_EXERCISE REQUIREMENTS_:
Set down, exactly and with no pictures, the line that contains "5PCS Kids Full" and all lines after it in the listing.

_INFORMATION PROVIDED_:
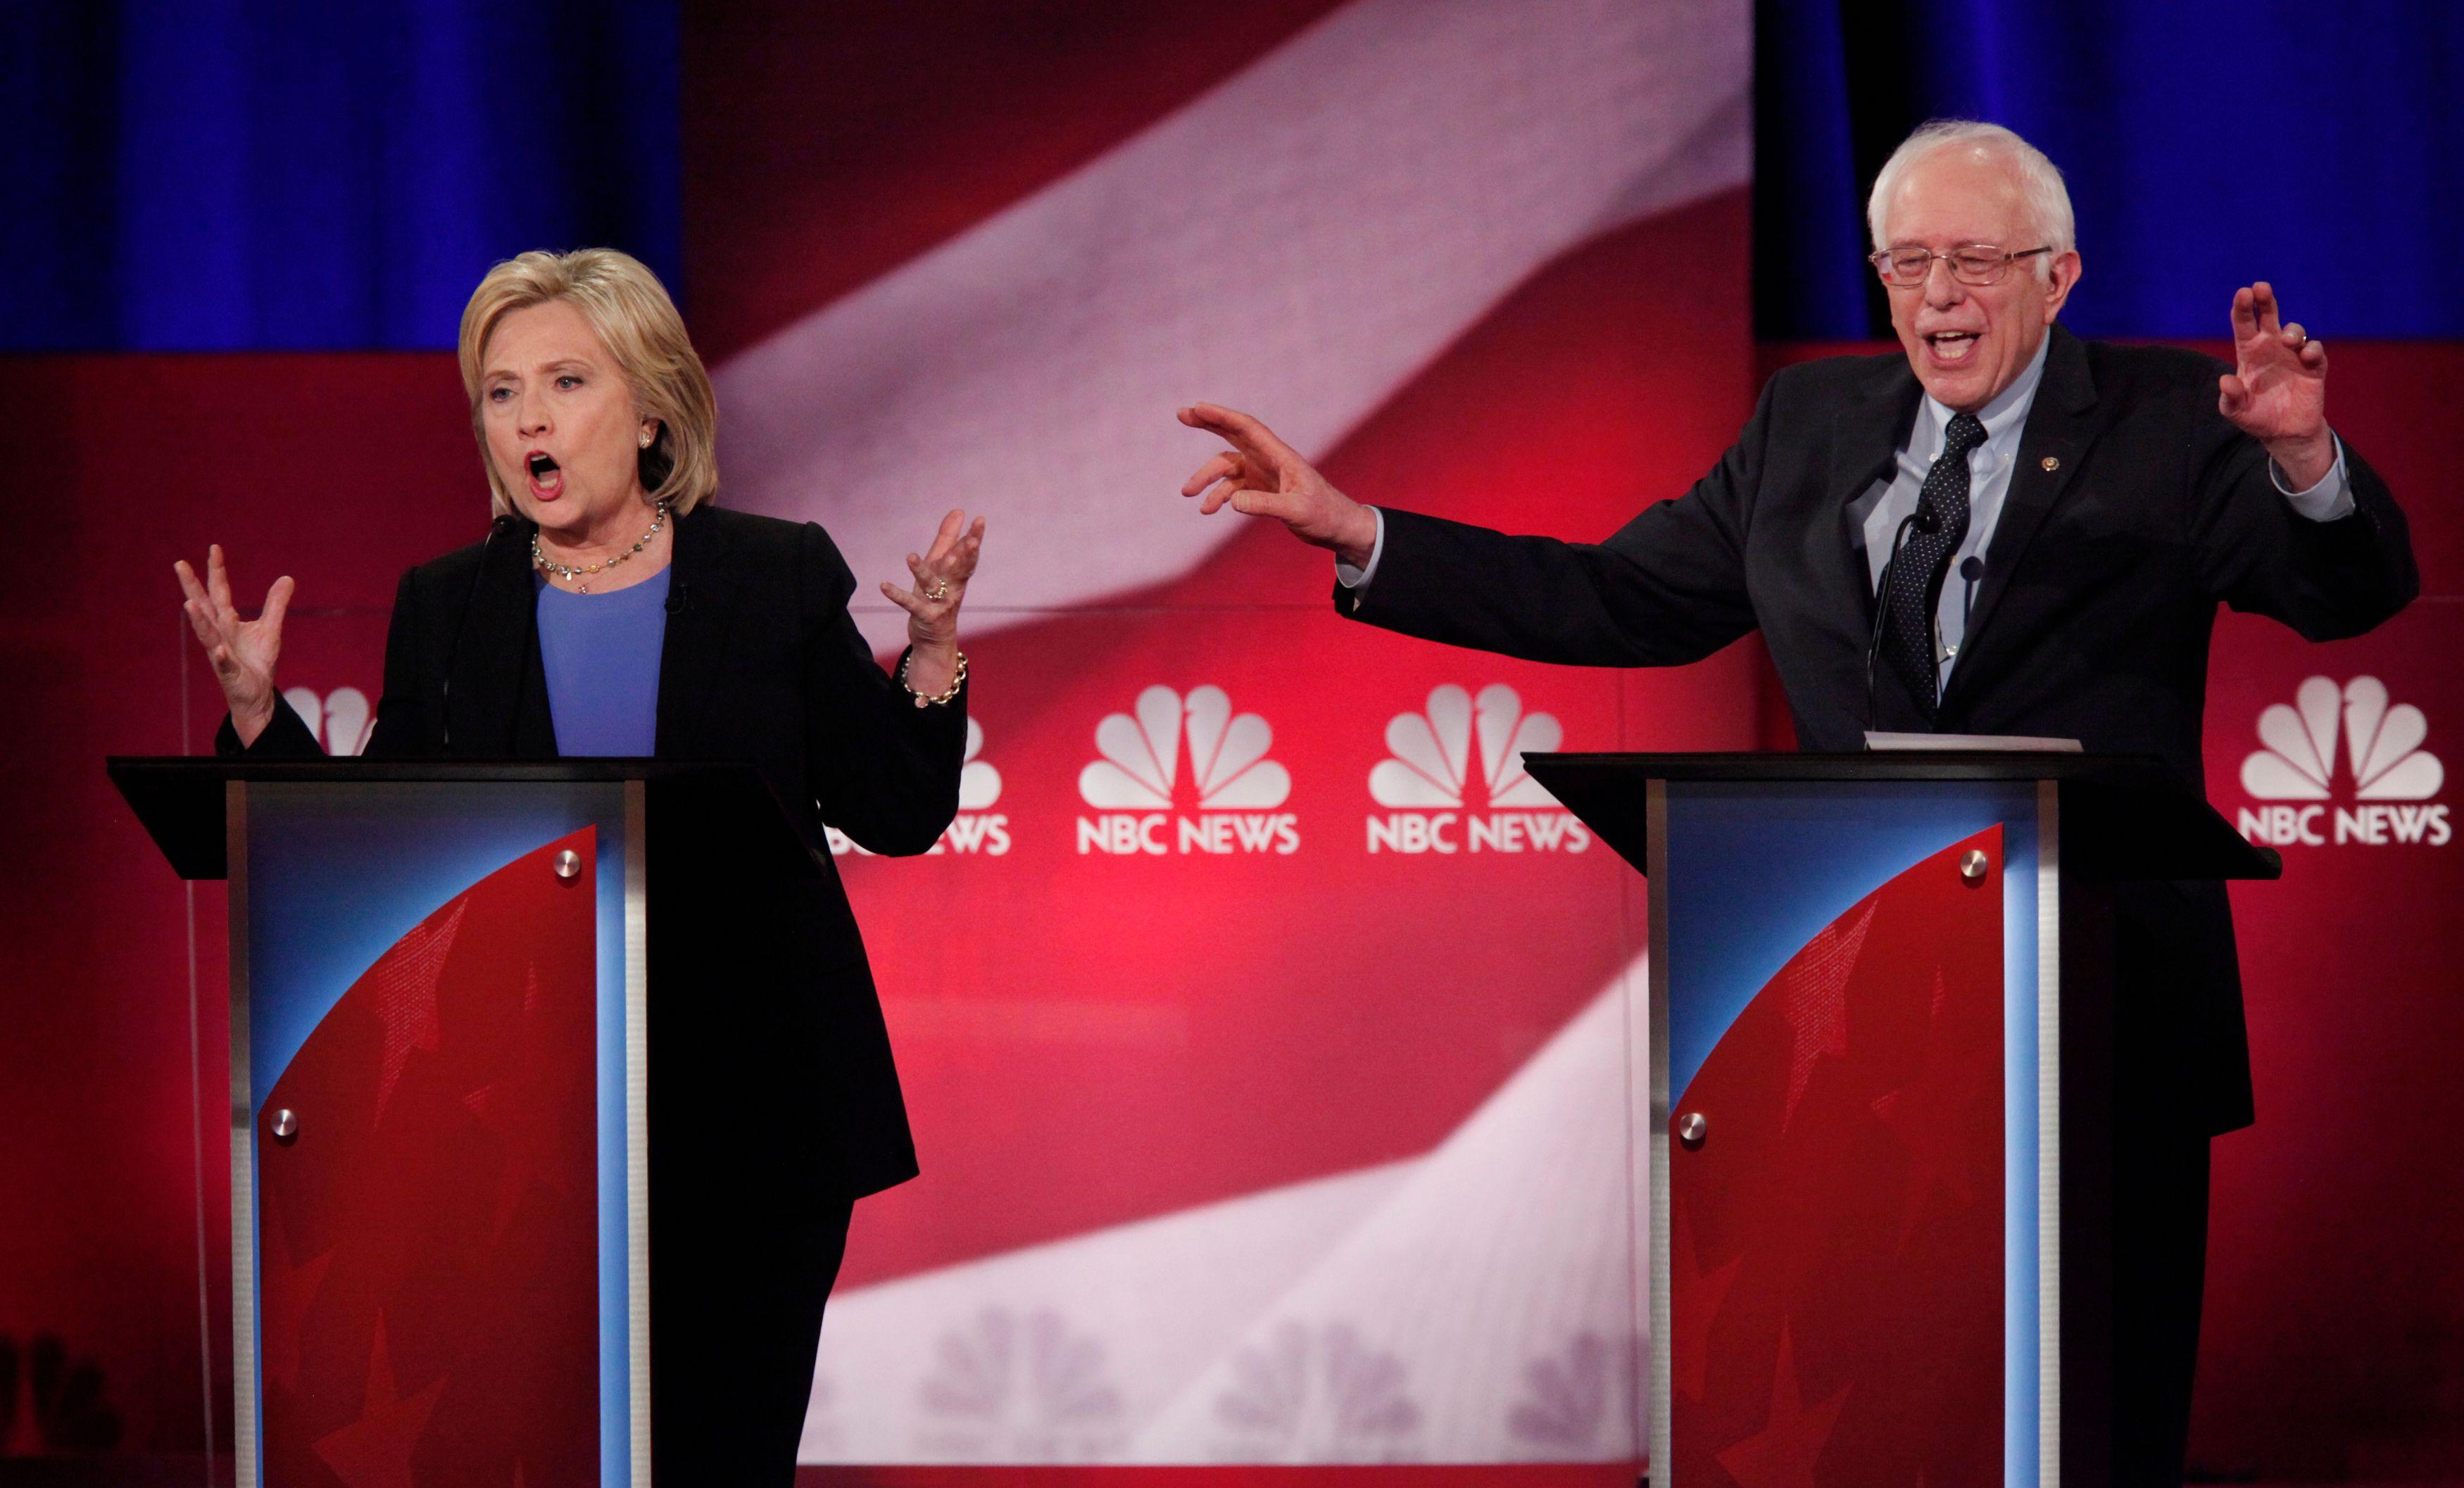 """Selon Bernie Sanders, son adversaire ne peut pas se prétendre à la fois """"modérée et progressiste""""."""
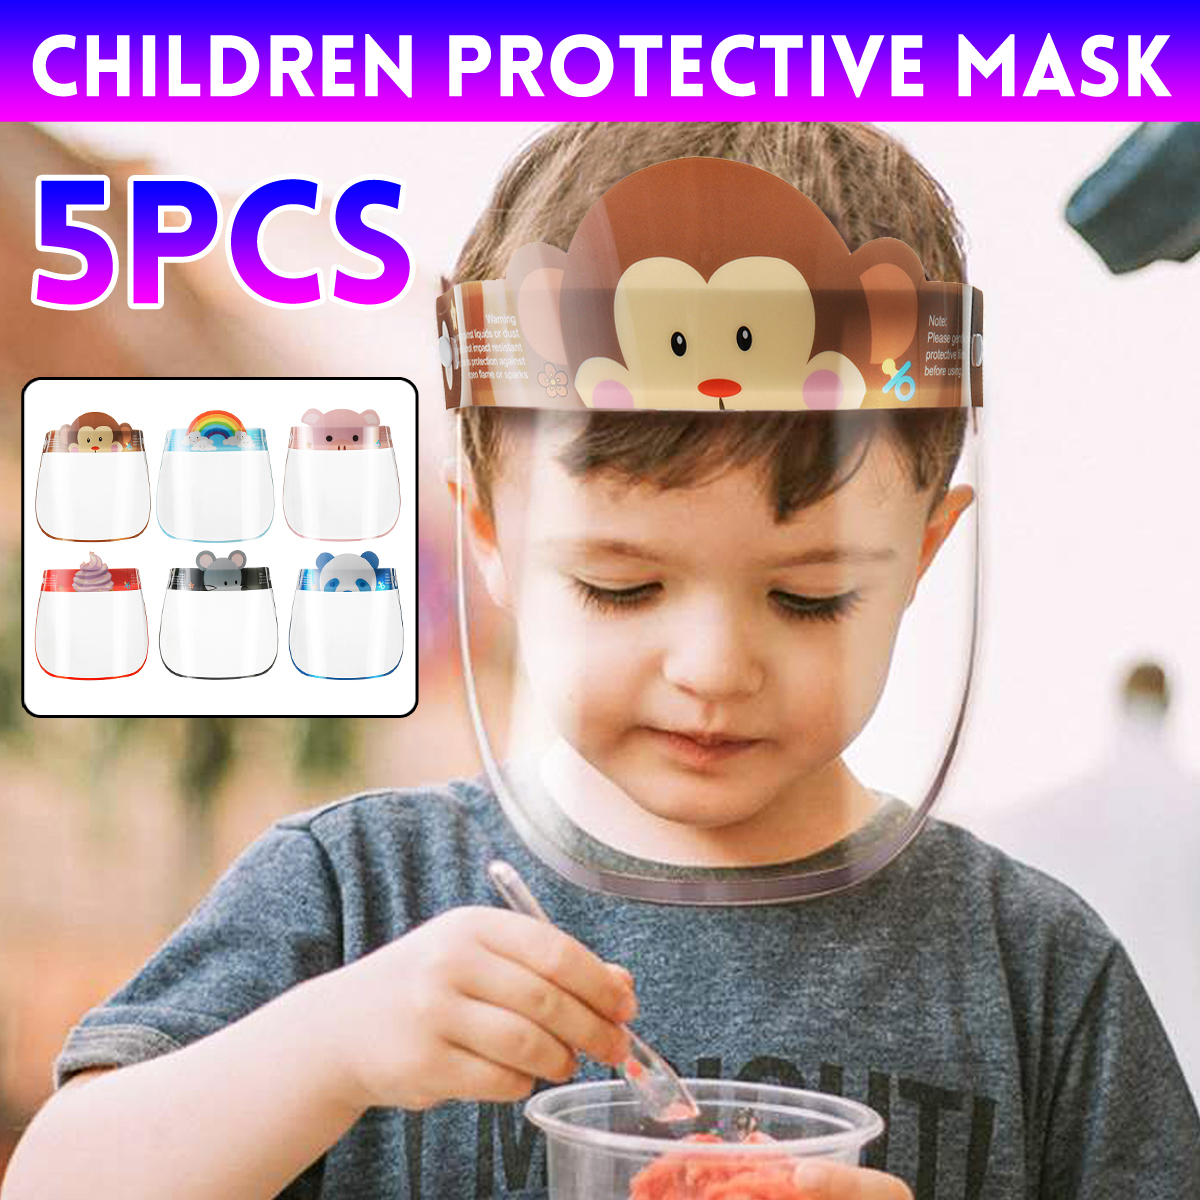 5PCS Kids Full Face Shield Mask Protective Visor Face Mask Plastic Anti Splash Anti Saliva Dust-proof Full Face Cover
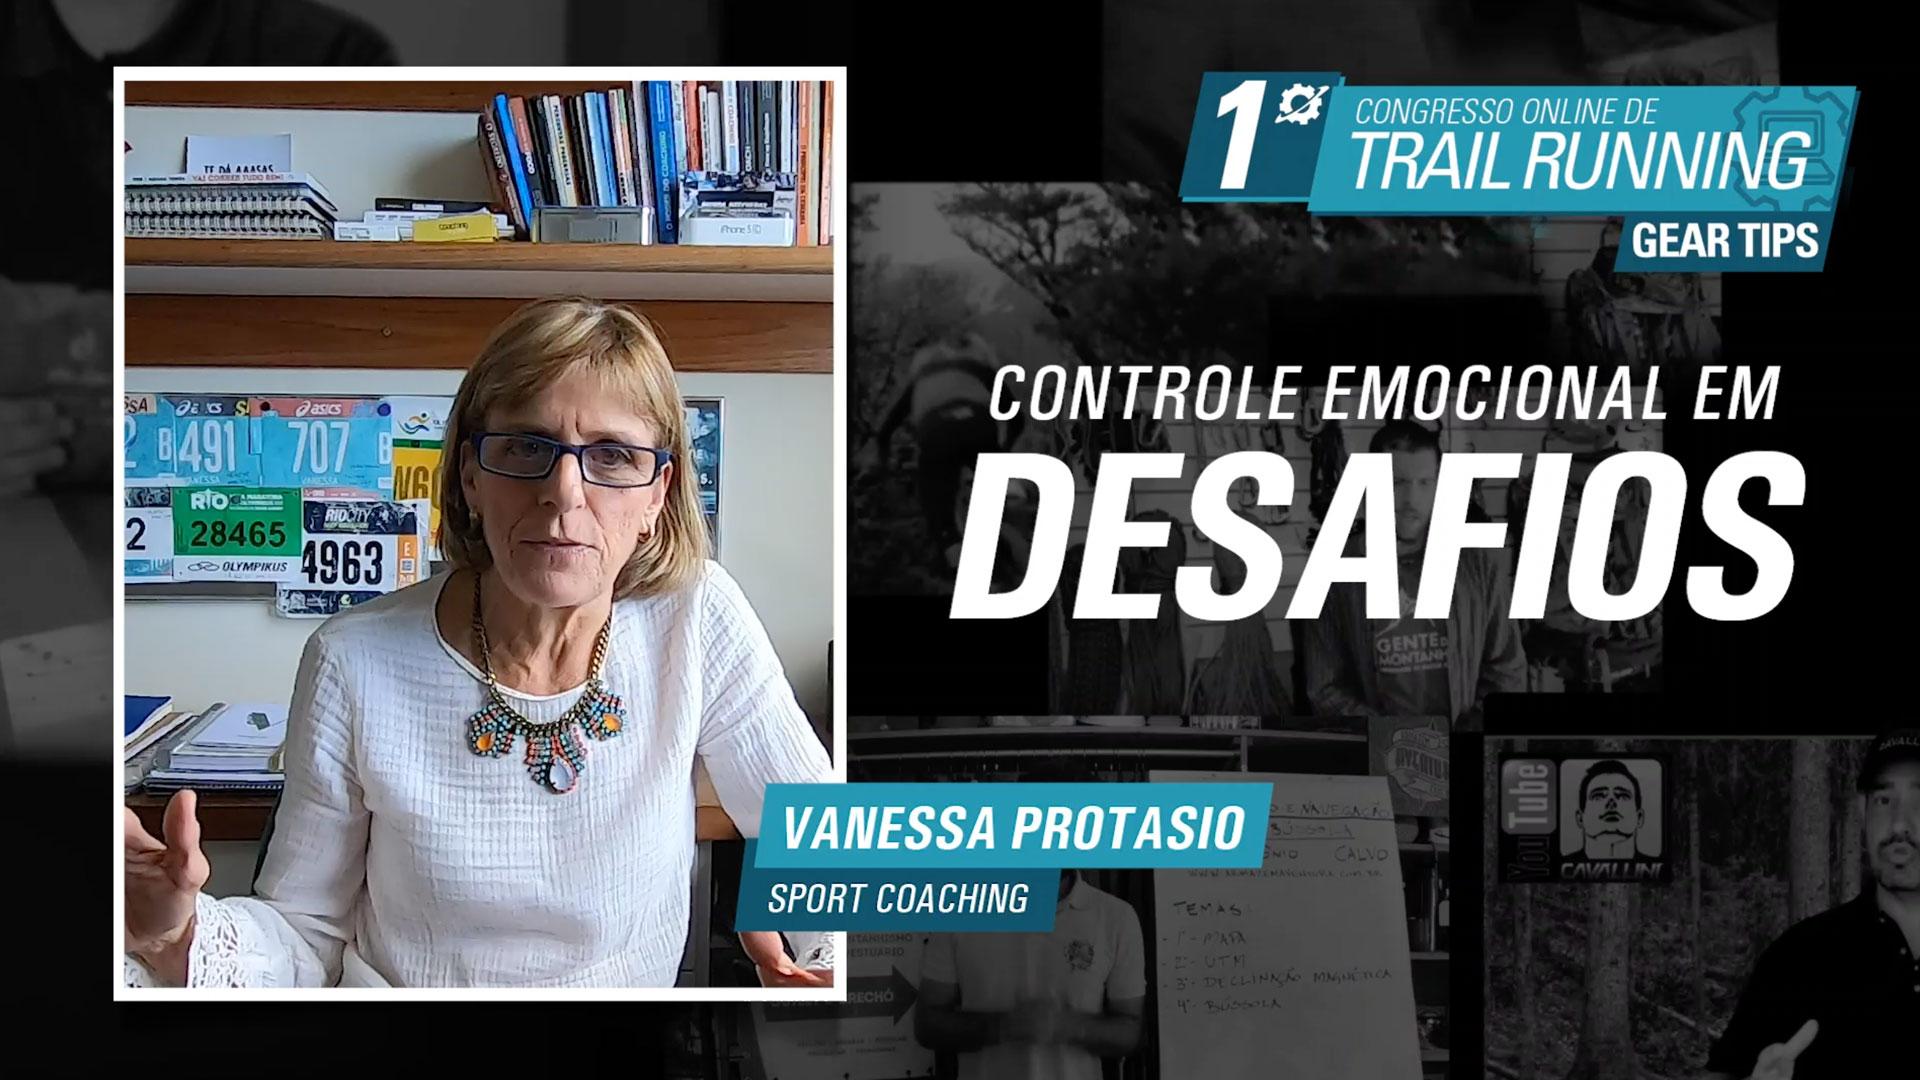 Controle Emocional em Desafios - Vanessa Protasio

_RESULT_:
 5PCS Kids Full Face Shield Mask Protective Visor Face Mask Plastic Anti Splash Anti Saliva Dust-proof Full Face Cover
 Controle Emocional em Desafios - Vanessa Protasio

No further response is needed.